Il colloquio che segue avviene dopo una seduta di fisioterapia, al termine della quale la mamma lancia una ennesima richiesta:

Mamma: Adesso abbiamo un altro problema con la scuola di

Andrea: avevo fatto domanda per iscriverlo a un corso di ginnastica ritmica che fanno a scuola, i suoi compagni ci vanno quasi tutti. Come se avessi chiesto la luna!

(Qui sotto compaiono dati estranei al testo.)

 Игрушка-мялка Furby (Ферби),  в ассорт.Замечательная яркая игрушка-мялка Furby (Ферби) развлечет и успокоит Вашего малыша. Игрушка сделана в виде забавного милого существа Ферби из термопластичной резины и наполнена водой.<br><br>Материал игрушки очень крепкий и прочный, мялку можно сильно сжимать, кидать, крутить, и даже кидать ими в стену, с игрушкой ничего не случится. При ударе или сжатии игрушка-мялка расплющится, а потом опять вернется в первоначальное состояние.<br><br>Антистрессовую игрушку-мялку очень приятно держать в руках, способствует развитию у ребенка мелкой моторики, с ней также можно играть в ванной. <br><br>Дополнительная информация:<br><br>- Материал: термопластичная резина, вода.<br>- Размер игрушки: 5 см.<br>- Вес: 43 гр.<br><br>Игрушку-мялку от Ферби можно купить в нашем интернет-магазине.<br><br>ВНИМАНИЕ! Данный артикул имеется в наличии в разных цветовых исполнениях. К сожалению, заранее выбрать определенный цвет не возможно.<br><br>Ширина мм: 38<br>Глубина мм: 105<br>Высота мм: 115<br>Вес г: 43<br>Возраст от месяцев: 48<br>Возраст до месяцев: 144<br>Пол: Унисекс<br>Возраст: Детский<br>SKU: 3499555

Prima hanno fatto storie perché c’erano già tanti bambini iscritti, poi perché farlo fermare oltre l’orario era troppo faticoso per lui… insomma alla fine mi hanno detto chiaro e tondo di no, che non possono inserirlo, che non è un’attività adatta a lui. Io non ne posso più, se lo trattano da handicappato, se le attività normali non glie le lasciano fare, è logico che può solo peggiorare. E anche voi, se vi dico che mi sembra che il bambino vada meglio mi dite che non è vero, per voi l’unica cosa che conta è che faccia la riabilitazione, ma io lo vedo che ormai Andrea fa così, a casa parla e si muove normalmente ma appena vede un estraneo si blocca, sembra che lo faccia apposta, davvero, gli fanno fare l’handicappato e lui lo fa…

La signora è molto agitata, sull’orlo del pianto. La professionista

decide di provare a cambiare rotta.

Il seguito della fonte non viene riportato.